Читаем Вдоль по памяти полностью

Я просыпаюсь летним днём в гамаке, натянутом меж двумя большими соснами, ищу глазами мать, но никого вокруг, только птицы, солнце и хвоя. В волнении перевешиваюсь через край гамака и вместе с одеяльцем вываливаюсь на тёплую землю возле корней… Сколько мне лет? Два года? Три? Может быть, чуть больше?

Вот другое.

Я иду (не помню с кем) босиком по прохладной и гладкой, как кожа, лесной тропинке. Большая поляна… Видимо, я очень мал, ибо трава — в мой рост. Рядом бегают друг за дружкой большие, шумные девки. Я знаю, что одну из них, чёрную, зовут Марго. Они огромны; гулко топают по земле их босые слоновьи ноги. Я не могу понять, шутки они шутят или всерьёз дерутся. Наконец две настигли третью и силком, хохоча, разжимают ей ладонь и завладевают рваными и мятыми клочками какого-то письма, писанного фиолетовыми кривыми буквами. Затем, нимало не стесняясь меня, они рядом обе присели в траву и деловито журчат по малой нужде, стараясь при этом из обрывков и клочков составить и прочесть письмо.

Вот третье.

Меня среди ночи будит мой отец. Он вынимает меня из кроватки вместе с одеяльцем и носит по комнате, качая на руках и бормоча: «Сиротка ты мой, сиротинушка!»

Мне неловко в его жёстких объятиях, я хнычу. Наконец встаёт моя бабушка, стыдит и упрекает зятя, потом отбирает меня у него и укладывает обратно в кроватку. Одеяльце моё падает на пол. Отец в темноте нагибается за ним и… о, ужас! сослепу ударяется переносицей о торец спинки стула и заливается кровью. Переполох, шум, ищут перекись водорода, пытаются остановить кровотечение…
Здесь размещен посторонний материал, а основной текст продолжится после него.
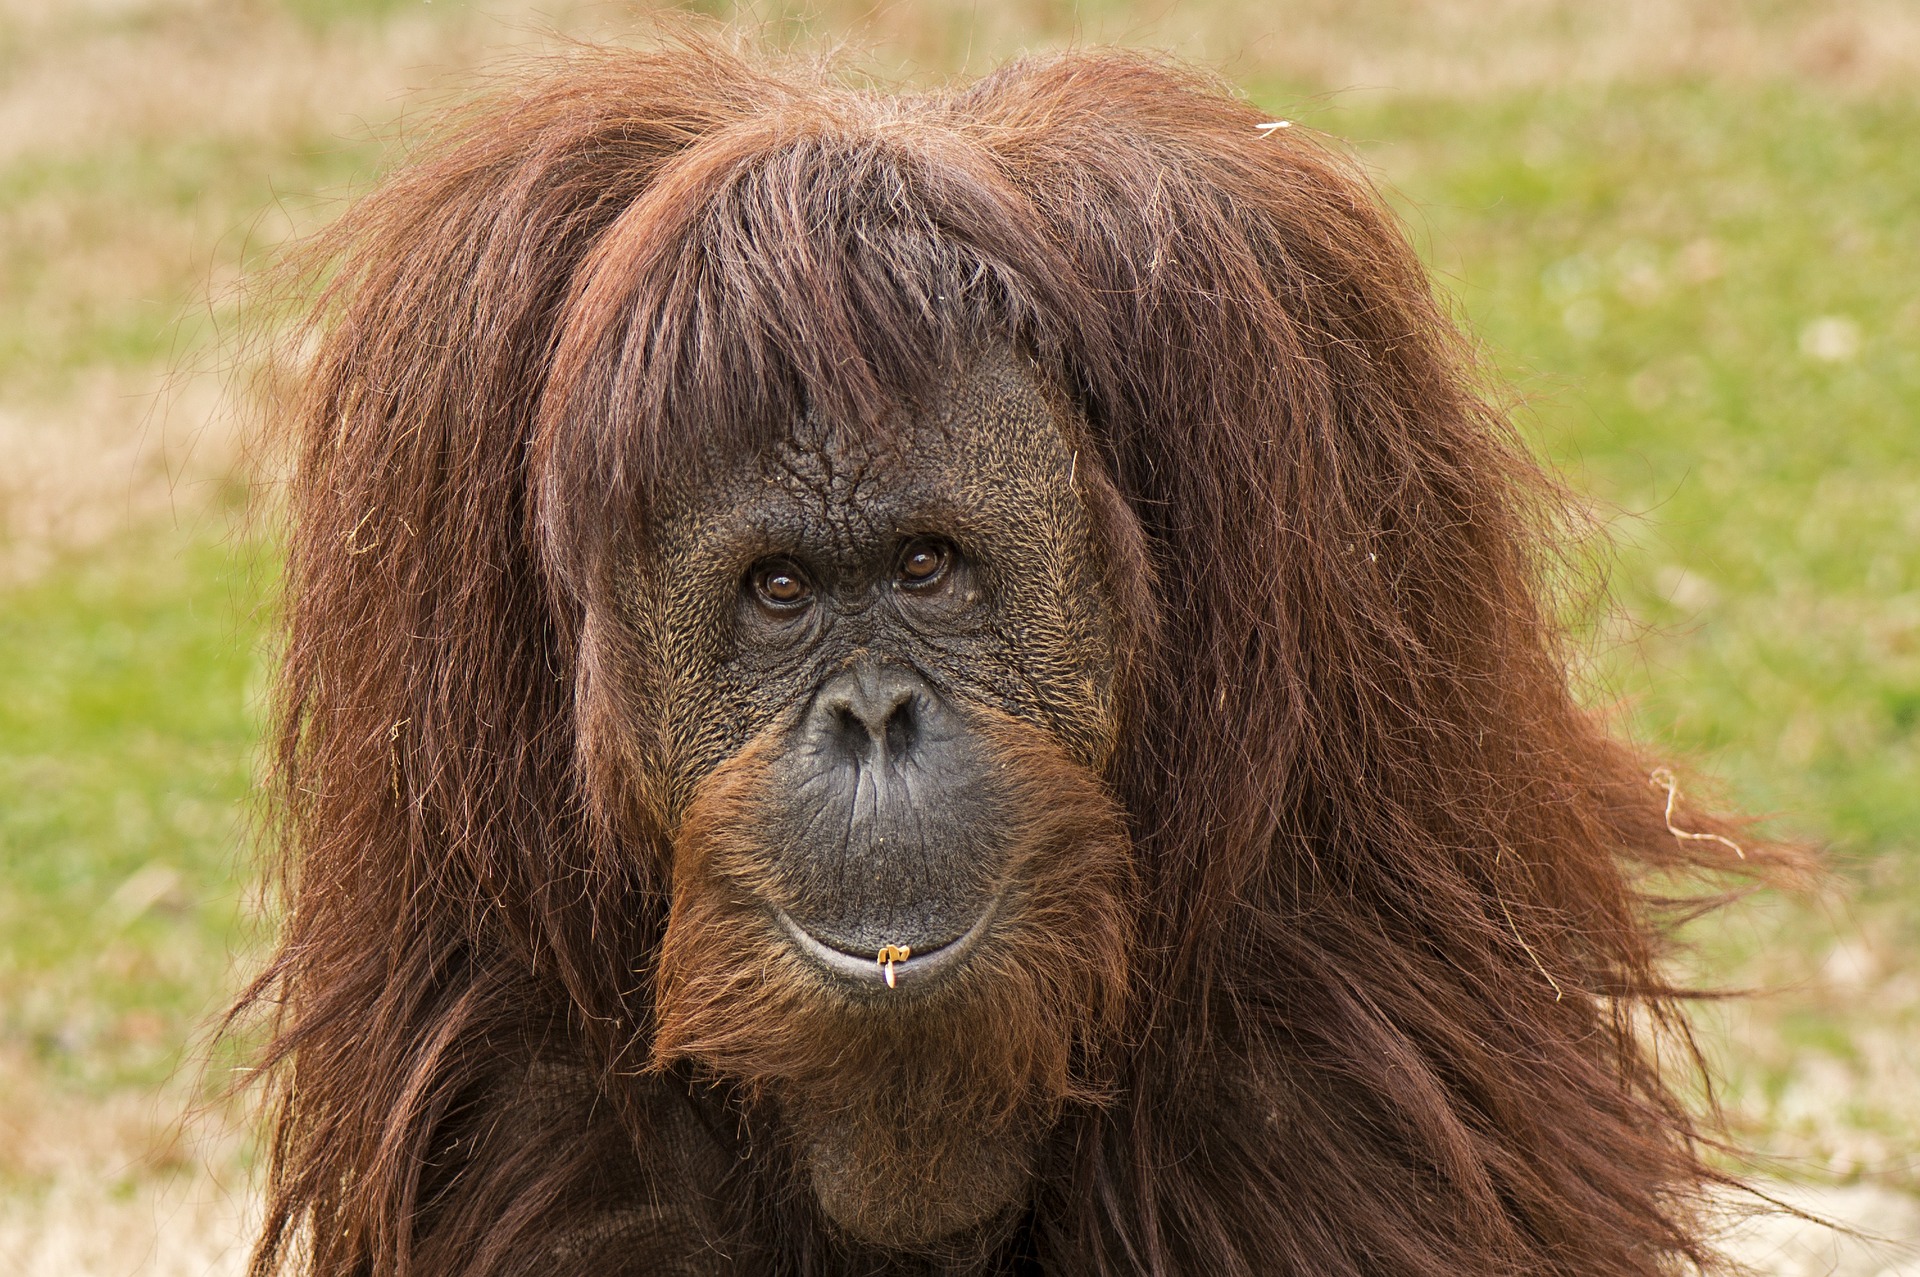 Orangutan Conservancy uses drones to monitor orangutans in Indonesia

Много позднее я узнал, что явилось причиной этого события. Оказывается, легкомысленную мамашу мою отпустили на курорт в места её молодости, к Чёрному морю. Она там загуляла в весёлой компании и забыла писать домой. А папаша, зная её любовь заплывать далеко в море и долго не получая писем, решил, что она утонула.

Четвёртое раннее воспоминание — поход в Абиссинию.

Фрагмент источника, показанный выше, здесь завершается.